Il a évoqué un plan de paix "équilibré" d'ici quatre mois.
Il a évoqué un plan de paix "équilibré" d'ici quatre mois. © AFP / JOHN MOORE

"Je pense vraiment que quelque chose va se passer. C'est mon rêve d'y parvenir avant la fin de mon premier mandat" a-t-il expliqué évoquant la date de janvier 2021 lors d'une rencontre avec le Premier ministre israélien Benyamin Netanyahou.  

En marge de l'Assemblée générale annuelle de l'ONU à New York, il a donné une longue conférence de presse dans laquelle il affirme que les Palestiniens vont revenir à la table des négociations. L'autorité palestinienne a rompu toute relation avec l'administration américaine depuis que Donald Trump a reconnu Jérusalem comme capitale d'Israël fin 2017.

"J'aime bien la solution à deux États" a dit le président américain, reprenant pour la première fois la solution appuyée par ses prédécesseurs et la communauté internationale. "Je pense que les deux Etats vont voir le jour" a-t-il expliqué devant la presse, avouant malgré tout que ce projet est "un peu plus difficile... Cela marche mieux parce que chacun gouverne de son côté", a-t-il expliqué.  

Ce plan de paix aurait été préparé dans le plus grand secret par son gendre et conseiller Jared Kushner. "Si les Israéliens et les Palestiniens veulent un État, c'est OK pour moi. S'ils veulent deux États, c'est OK pour moi... Je suis un facilitateur".  Il s'est voulu rassurant évoquant un plan équilibré même si Jared Kushner, "adore Israël".  

Ce plan sera mis en place "dans les deux, trois ou quatre mois", a assuré Trump. 

Cette nouvelle est un tournant mais malgré ce pas en direction des revendications des Palestiniens, le dialogue est rompu. Pour l'autorité palestinienne, ces propos de Trump "vont à l'encontre de leurs actes, et leurs actes détruisent clairement toute possibilité d'une solution à deux Etats", a expliqué Hossam Zomlot, chef de la mission diplomatique palestinienne à Washington.

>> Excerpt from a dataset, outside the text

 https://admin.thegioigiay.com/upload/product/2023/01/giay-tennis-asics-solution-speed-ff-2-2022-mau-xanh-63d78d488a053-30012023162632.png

Cette administration a d'ailleurs été récemment fermée. Il s'agit d'une des mesures spectaculaires prises par Donald Trump contre les Palestiniens. Depuis sa décision sur Jérusalem, les Palestiniens ne veulent plus de lui comme médiateur dans le processus de paix.  

Washington a aussi coupé presque toute son aide bilatérale et a cessé son financement de l'agence de l'ONU pour les réfugiés palestiniens, l'UNRWA, dont les États-Unis étaient le premier contributeur.  

Pourtant, Donald Trump se dit confiant : "Je crois que nous allons aboutir à un accord"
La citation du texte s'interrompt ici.